Complex filters in final site

Hi there! I’d like to ask some advice about using complex filters, not during hugo compilation, but in the final site.
I plan to build a little website to list all the cards in a card game (similar to Magic); each card has some plain attributes, like name, but others are meant to be filters like:

  • pantheon
  • era
  • strenght
  • etc

I’m looking for a way to implement a search with these filters (a OR a’ AND b or b’) with Hugo, but I’m failing to find a solution, maybe I’m asking the wrong questions.

Could you give me any hint? Do you have any example to check?

Thanks for your help!

Would you be possibly wanting to do something like this: https://www.w3schools.com/howto/howto_js_filter_elements.asp?

This is more of a front-end solution (see JavaScript) as previously suggested. There are several solutions, and what you want to do is output the cards in themselves (as article, or div or whatever) with specific classes or data- attributes that you can then select with JavaScript and apply styles to (such as opacity: 0.5; or display: none; etc.).
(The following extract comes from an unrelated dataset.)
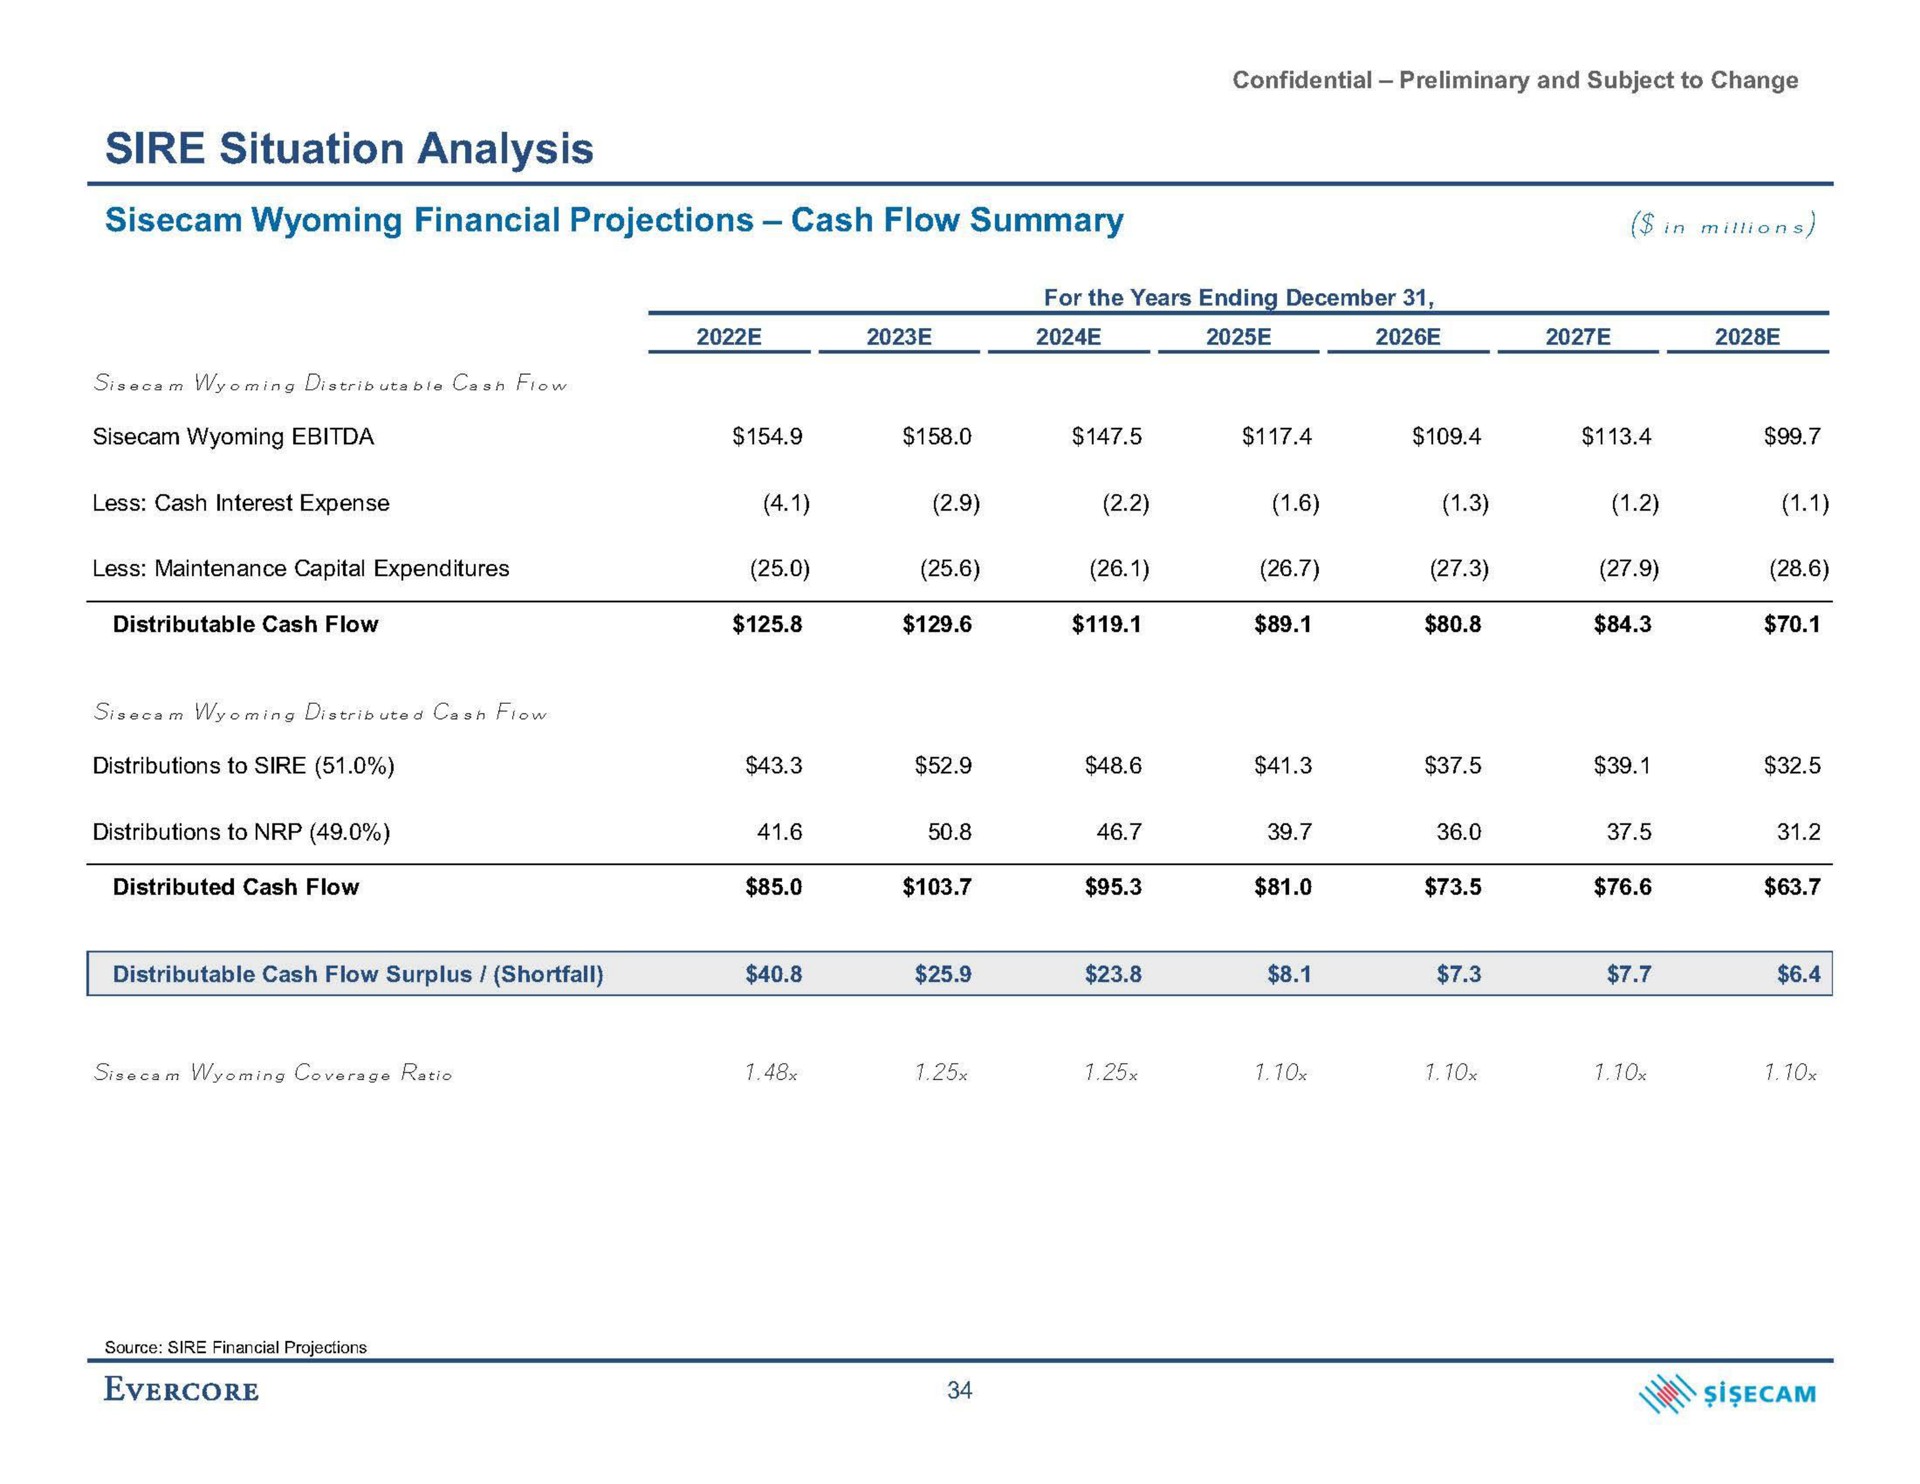 sire situation analysis financial projections cash flow summary in minions | Evercore

One ready-made library can be found here: https://github.com/metafizzy/isotope

I have created a shortcode for my personal theme that takes a similar —vanilla JavaScript— approach: https://github.com/Arty2/onion/blob/master/layouts/shortcodes/articles-filter.html and a live example at siadora.com.

See the comments within for an example of the styles used to hide the filtered-out elements.
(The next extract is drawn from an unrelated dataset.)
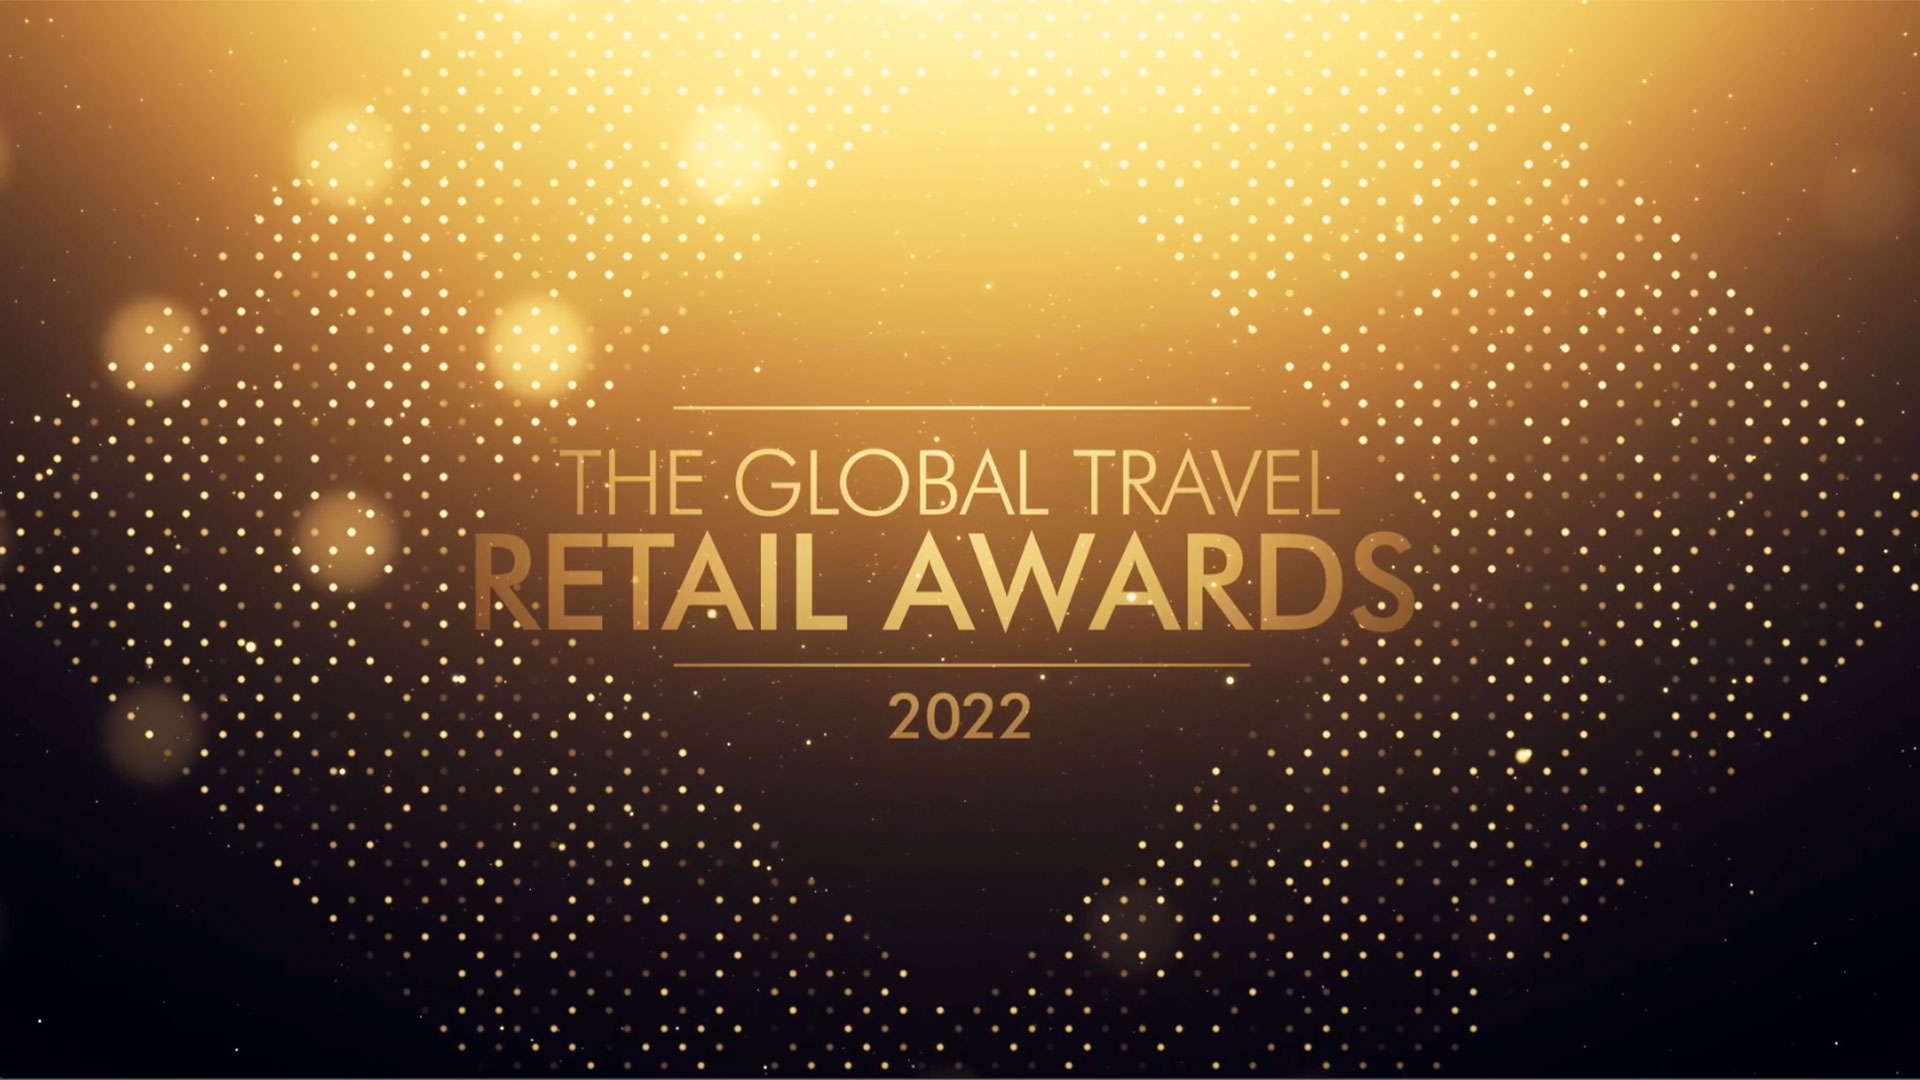 The Global Travel Retail Awards 2022

Hi there! thank you for your responses. I’ve checked differente approaches, but I don’t find them suitable, as I need to load all the cards (even if I dont render them) to use the filters. As I’m talking about a thousand cards, this could lead to a very poor performance.
My current approach doesn’t use Hugo but Django (completely different point of view), but I’m taking some ideas from Hugo to make the proyect open to content contributions.

Best regards

The only thing I can think of then is to use Taxonomy in a ‘hacky’ way. You can probably integrate something like an infinite scroll library (I had tried one from the creator of masonry.js) and load your cards accordingly. It’s going to be a tough nut to crack but probably possible. I’d have love to try this if my college wouldn’t have poured the long list of projects.

But yeah, that’s probably one (or maybe not) way. Maybe it can help you think something even better.